Stochastic Lagrangian Path for Leray’s Solutions of 3D Navier–Stokes Equations

Abstract

In this paper we show the existence of stochastic Lagrangian particle trajectory for Leray's solution of 3D Navier-Stokes equations. More precisely, for any Leray's solution ${\mathbf u}$ of 3D-NSE and each $(s,x)\in\mathbb{R}_+\times\mathbb{R}^3$, we show the existence of weak solutions to the following SDE, which has a density $\rho_{s,x}(t,y)$ belonging to $\mathbb{H}^{1,p}_q$ provided $p,q\in[1,2)$ with $\frac{3}{p}+\frac{2}{q}>4$: $$ \mathrm{d} X_{s,t}={\mathbf u} (s,X_{s,t})\mathrm{d} t+\sqrt{2\nu}\mathrm{d} W_t,\ \ X_{s,s}=x,\ \ t\geq s, $$ where $W$ is a three dimensional standard Brownian motion, $\nu>0$ is the viscosity constant.
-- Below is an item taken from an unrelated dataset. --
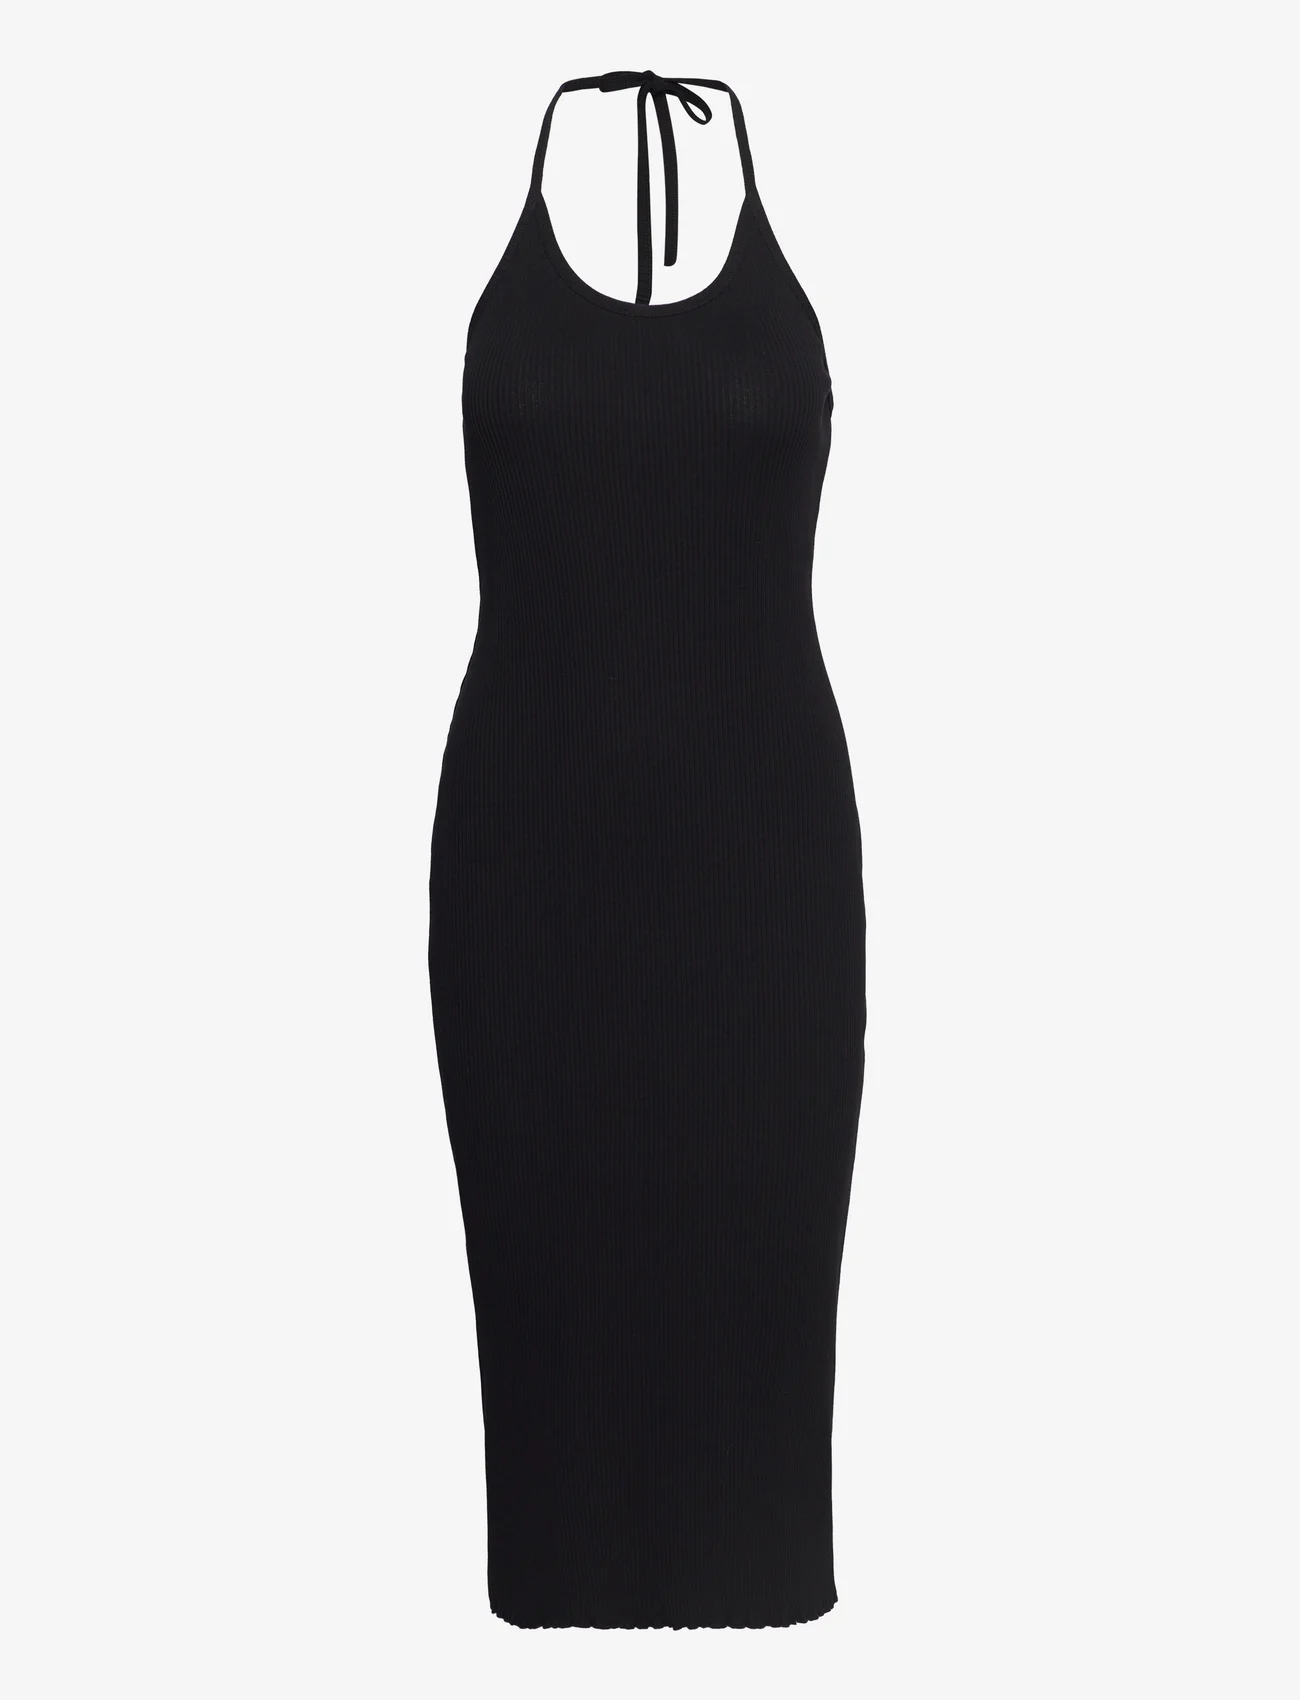 Filippa K - Rib Halter Dress - etuikleider - black - 0

Moreover, we also show that for Lebesgue almost all $(s,x)$, the solution $X^n_{s,\cdot}(x)$ of the above SDE associated with the mollifying velocity field ${\mathbf u}_n$ weakly converges to $X_{s,\cdot}(x)$ so that $X$ is a Markov process in almost sure sense.